What to work on: Set down exactly the lines below, starting at the one that contains "What is a Climate" and ending at the one that contains "Physiographical map of Somalia.", with both of those lines included and nothing else.

Data items:
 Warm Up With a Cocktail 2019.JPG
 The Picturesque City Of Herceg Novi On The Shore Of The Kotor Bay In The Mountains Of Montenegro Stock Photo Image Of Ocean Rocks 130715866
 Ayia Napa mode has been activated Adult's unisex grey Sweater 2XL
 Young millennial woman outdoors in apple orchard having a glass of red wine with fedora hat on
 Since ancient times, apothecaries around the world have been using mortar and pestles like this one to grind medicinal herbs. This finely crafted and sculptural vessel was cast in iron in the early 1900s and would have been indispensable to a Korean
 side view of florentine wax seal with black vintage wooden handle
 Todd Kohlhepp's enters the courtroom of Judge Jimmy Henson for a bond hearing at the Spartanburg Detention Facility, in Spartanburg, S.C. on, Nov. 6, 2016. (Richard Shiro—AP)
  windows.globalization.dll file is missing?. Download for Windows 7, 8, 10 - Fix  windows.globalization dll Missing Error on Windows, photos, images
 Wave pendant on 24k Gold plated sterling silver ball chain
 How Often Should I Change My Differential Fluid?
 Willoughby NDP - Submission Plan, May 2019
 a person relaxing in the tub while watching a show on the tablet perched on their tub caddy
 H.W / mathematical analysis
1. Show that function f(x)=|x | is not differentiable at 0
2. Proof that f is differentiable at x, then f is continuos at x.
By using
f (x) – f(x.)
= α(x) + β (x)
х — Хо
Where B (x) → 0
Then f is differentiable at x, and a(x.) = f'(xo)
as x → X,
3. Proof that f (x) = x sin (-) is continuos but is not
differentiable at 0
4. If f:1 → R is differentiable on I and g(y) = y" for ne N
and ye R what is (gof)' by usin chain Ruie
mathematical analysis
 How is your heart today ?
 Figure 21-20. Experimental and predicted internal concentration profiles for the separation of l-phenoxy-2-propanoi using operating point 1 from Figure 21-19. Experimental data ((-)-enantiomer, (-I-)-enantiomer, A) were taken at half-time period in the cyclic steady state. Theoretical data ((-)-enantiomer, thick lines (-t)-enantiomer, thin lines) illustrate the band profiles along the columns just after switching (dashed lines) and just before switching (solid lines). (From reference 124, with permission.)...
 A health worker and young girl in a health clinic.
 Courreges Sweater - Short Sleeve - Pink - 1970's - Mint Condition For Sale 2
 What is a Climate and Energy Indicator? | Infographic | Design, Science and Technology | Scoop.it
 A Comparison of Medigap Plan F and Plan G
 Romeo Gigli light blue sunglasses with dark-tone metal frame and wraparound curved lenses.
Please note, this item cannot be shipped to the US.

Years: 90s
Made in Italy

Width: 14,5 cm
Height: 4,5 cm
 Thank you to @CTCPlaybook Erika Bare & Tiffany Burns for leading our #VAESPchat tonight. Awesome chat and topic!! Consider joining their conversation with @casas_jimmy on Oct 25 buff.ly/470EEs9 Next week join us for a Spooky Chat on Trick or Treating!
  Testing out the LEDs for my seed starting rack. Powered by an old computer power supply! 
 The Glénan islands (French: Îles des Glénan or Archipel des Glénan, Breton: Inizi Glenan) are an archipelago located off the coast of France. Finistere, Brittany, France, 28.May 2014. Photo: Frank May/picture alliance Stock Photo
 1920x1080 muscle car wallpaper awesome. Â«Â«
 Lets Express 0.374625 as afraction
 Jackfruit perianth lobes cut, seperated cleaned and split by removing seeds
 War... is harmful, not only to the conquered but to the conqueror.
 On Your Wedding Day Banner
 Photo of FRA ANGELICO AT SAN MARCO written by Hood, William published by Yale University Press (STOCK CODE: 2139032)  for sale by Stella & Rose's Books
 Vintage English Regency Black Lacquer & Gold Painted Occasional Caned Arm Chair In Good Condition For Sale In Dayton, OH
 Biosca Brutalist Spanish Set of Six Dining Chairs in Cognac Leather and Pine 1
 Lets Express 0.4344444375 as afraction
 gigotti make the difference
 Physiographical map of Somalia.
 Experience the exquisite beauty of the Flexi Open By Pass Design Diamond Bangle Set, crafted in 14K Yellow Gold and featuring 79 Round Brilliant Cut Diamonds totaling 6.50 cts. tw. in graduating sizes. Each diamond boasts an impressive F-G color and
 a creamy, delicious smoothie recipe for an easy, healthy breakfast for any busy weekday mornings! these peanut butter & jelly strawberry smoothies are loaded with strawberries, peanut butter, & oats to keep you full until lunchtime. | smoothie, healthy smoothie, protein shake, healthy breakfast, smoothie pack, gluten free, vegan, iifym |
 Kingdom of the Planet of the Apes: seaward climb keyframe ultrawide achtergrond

Task response:
 What is a Climate and Energy Indicator? | Infographic | Design, Science and Technology | Scoop.it
 A Comparison of Medigap Plan F and Plan G
 Romeo Gigli light blue sunglasses with dark-tone metal frame and wraparound curved lenses.
Please note, this item cannot be shipped to the US.

Years: 90s
Made in Italy

Width: 14,5 cm
Height: 4,5 cm
 Thank you to @CTCPlaybook Erika Bare & Tiffany Burns for leading our #VAESPchat tonight. Awesome chat and topic!! Consider joining their conversation with @casas_jimmy on Oct 25 buff.ly/470EEs9 Next week join us for a Spooky Chat on Trick or Treating!
  Testing out the LEDs for my seed starting rack. Powered by an old computer power supply! 
 The Glénan islands (French: Îles des Glénan or Archipel des Glénan, Breton: Inizi Glenan) are an archipelago located off the coast of France. Finistere, Brittany, France, 28.May 2014. Photo: Frank May/picture alliance Stock Photo
 1920x1080 muscle car wallpaper awesome. Â«Â«
 Lets Express 0.374625 as afraction
 Jackfruit perianth lobes cut, seperated cleaned and split by removing seeds
 War... is harmful, not only to the conquered but to the conqueror.
 On Your Wedding Day Banner
 Photo of FRA ANGELICO AT SAN MARCO written by Hood, William published by Yale University Press (STOCK CODE: 2139032)  for sale by Stella & Rose's Books
 Vintage English Regency Black Lacquer & Gold Painted Occasional Caned Arm Chair In Good Condition For Sale In Dayton, OH
 Biosca Brutalist Spanish Set of Six Dining Chairs in Cognac Leather and Pine 1
 Lets Express 0.4344444375 as afraction
 gigotti make the difference
 Physiographical map of Somalia.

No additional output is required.